▸ PROBLEM STATEMENT:
Extract, verbatim, all lines starting at the one containing "Schermafbeelding 2020-09-18 om 15.34.47" and ending with the final line of the listing, and no others.

▸ EXERCISE INPUTS:
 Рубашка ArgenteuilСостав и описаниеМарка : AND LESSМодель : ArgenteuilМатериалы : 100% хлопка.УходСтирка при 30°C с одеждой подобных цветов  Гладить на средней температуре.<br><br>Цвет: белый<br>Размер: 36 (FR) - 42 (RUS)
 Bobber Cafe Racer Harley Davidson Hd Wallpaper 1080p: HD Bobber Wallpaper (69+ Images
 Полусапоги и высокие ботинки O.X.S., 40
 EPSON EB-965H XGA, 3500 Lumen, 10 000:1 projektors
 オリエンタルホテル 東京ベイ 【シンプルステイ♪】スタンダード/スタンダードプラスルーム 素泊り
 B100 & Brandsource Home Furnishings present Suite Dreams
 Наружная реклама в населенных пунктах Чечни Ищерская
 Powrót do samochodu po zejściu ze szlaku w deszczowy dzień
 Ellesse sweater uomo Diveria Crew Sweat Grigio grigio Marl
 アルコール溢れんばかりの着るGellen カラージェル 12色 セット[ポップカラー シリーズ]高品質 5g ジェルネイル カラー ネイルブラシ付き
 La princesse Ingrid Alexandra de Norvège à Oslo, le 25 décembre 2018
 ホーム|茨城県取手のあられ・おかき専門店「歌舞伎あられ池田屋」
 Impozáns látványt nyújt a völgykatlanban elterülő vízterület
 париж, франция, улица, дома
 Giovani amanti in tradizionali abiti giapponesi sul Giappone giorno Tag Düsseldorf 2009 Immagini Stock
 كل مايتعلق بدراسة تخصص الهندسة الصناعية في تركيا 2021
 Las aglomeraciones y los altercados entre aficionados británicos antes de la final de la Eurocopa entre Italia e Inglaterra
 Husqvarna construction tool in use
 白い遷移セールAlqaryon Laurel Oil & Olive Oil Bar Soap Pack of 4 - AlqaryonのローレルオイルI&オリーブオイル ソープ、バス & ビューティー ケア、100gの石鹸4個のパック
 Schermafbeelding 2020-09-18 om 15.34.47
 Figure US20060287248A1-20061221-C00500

▸ OUTPUT:
 Schermafbeelding 2020-09-18 om 15.34.47
 Figure US20060287248A1-20061221-C00500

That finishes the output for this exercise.